Nope, I'm not superwoman (ahem, well, I mean, not for that reason anyway). I just know from experience that self-medication is often necessary in the joint, and like a good boy scout, I've learned to be prepared. For me this means having "back-up" supplies of any med that I might be uncomfortable without or which might be time sensitive. My personal "big three"? Enzymes, xopenex inhaler (for those days when
morning" nebs come around 1 pm), and most recently ativan.

Lesson 2) If the peripheral IV that the nurse is inserting is for a CT scan, make sure s/he KNOWS it's for a CT scan

This one might seem a little strange. After all, why wouldn't the nurse know what the peripheral IV was for, since you clearly already have a port/PICC/whatever else delivering your antibiotics? And why should it matter WHAT the IV is for anyway? An IV is an IV is an IV, right?

Sorry, cyster, and not so fast, fibro. Turns out, CT scan IVs require a larger-gauge needle, perhaps because the contrast dye doesn't go pass through the smaller gauges well. I'm unclear on the technical details here, probably because everything was feeling a little fuzzy after the IV nurse inserted (and subsequently blew) no less than 4 peripheral IVs in my arm in less than 15 minutes. He then properly inserted and did NOT blow a fifth IV, which fit snugly into a cute little vein in my hand. Alas, it was not to be, because as he left the room he commented on my uneaten lunch and I explained I was NPO before the CT scan. He immediately turned around, got a really pissed-off look on his face, and removed the hard-won IV from my hand, explaining that this particular IV would not work for a CT scan and no one had informed HIM of the need for a large-gauge needle. Whoops.

I felt for the guy. I really did. He inserted (and blew) one more IV before giving up entirely and calling in another IV nurse, who managed to outfit the inside of my right wrist (right under the thumb) with the least-convenient IV ever. But I'm not complaining. Never. Not my style.

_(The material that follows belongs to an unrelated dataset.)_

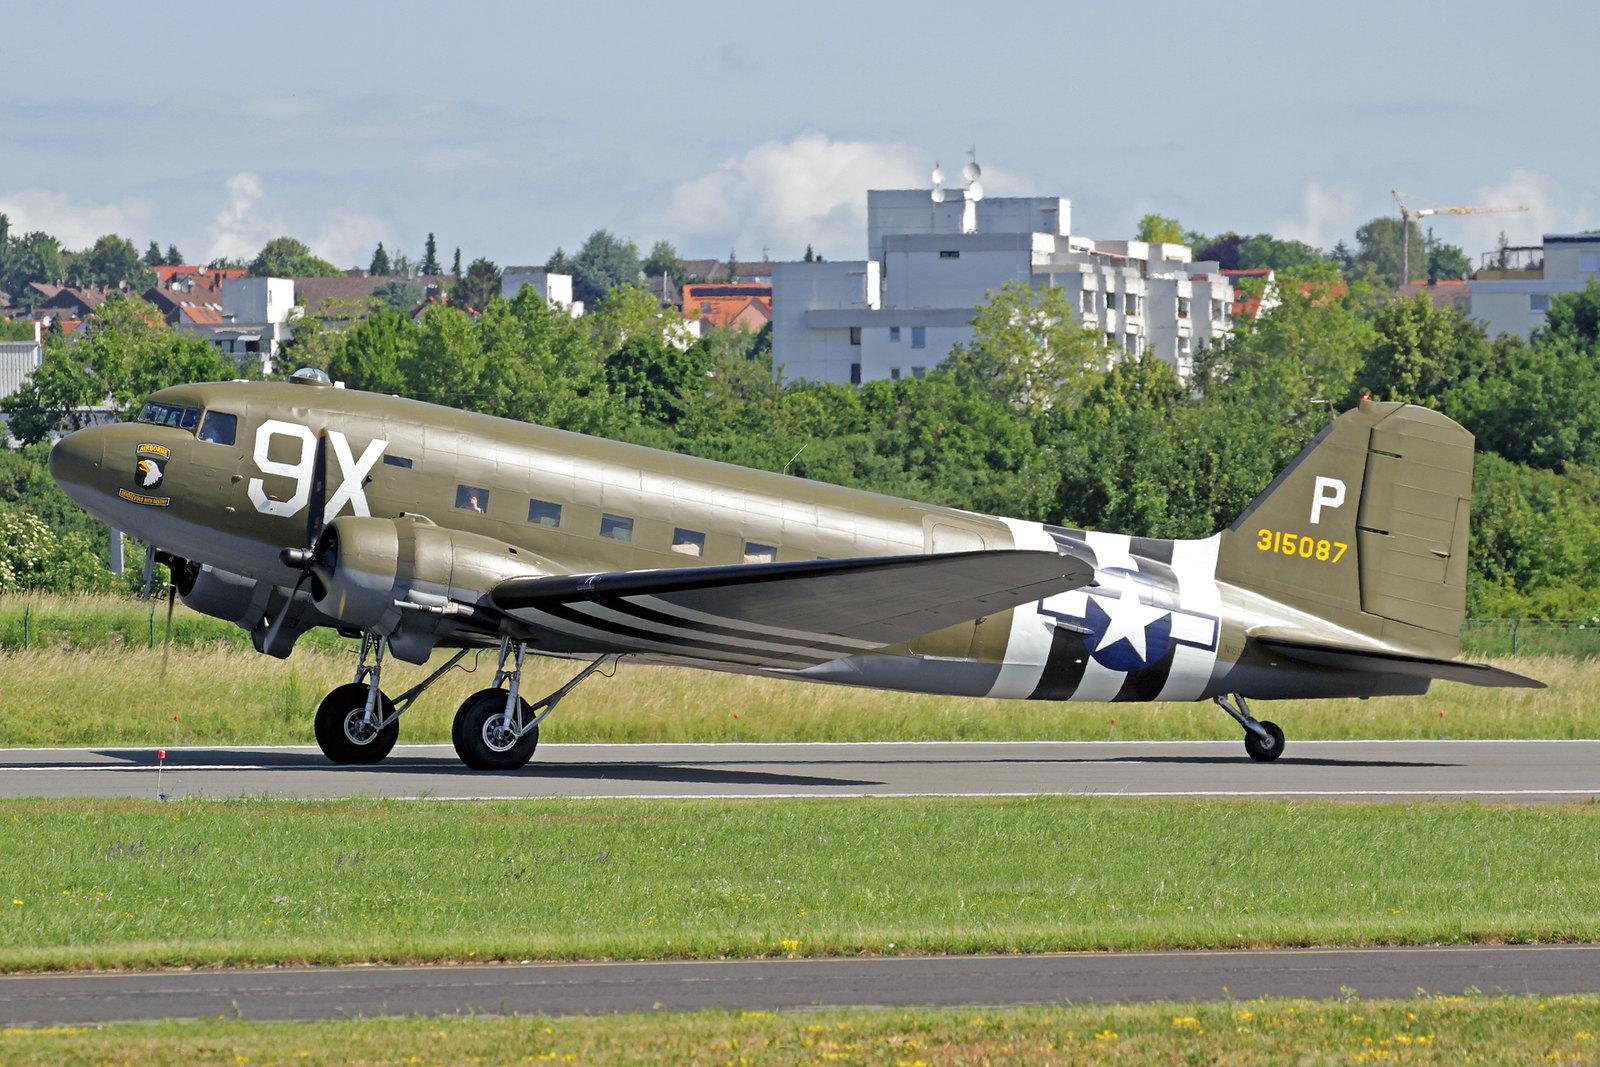 N150D - Diese 78 Jahre alte Dame wurde als eine C-47-DL (c/n 04463) von Douglas in Long Beach gebaut und rollte am 18. November 1941 vom Band. Am 23. Juni 1942 wurde sie der United States Army Air Force mit der Kennung 41-18401 übergeben.

Lesson 3) Become Master of Your Own Discharge

My doctor told me this morning that I could leave tomorrow. Since then, I've been telling everyone who will listen (and some who clearly didn't want to) that I'm out of here as soon as possible tomorrow, preferably by early afternoon. And no, this is not because I'm some sort of evil, demanding, devil child who will do anything to force her way out of here and back to a working shower. Not at all. It's just that I've done the discharge dance enough times to know that things get scheduled for the day of your discharge, and then you have to wait. So why not tell the CPT guy in advance that you're scheduled to leave so he doesn't leave you for last? Why not inform the nursing station so they can make sure to get you your morning nebs extra early? In short, why not (politely, of course) bring everyone onto the same page, so you don't get stuck waiting on some last minute test or x-ray that just didn't get on the schedule in time? So far tomorrow I know I'm in for an echocardiogram before I get to break out, but my nurse has promised me it should be early in the morning. And of course if it isn't I'll wait patiently (thanks, Ativan!), but wouldn't it be great not to have to?

Lesson 4: Neb Cup Sanitation -- Piper Style

Don't know about you guys, but at our hospital we have a one neb cup per med per 24 hours rule. That basically means, fr things like HTS or xopenex, that they get used 3-4 times before they get switched, and in between that time they're sitting in the hospital room, exposed to hospital air.

Or are they?

Step 1: Receive and label neb cup (this one's for DNAse)

Step 2: Remove glove from box of sterile gloves that should be near the door of EVERY CFer (so nurses, etc, don't spread germs from patient to patient)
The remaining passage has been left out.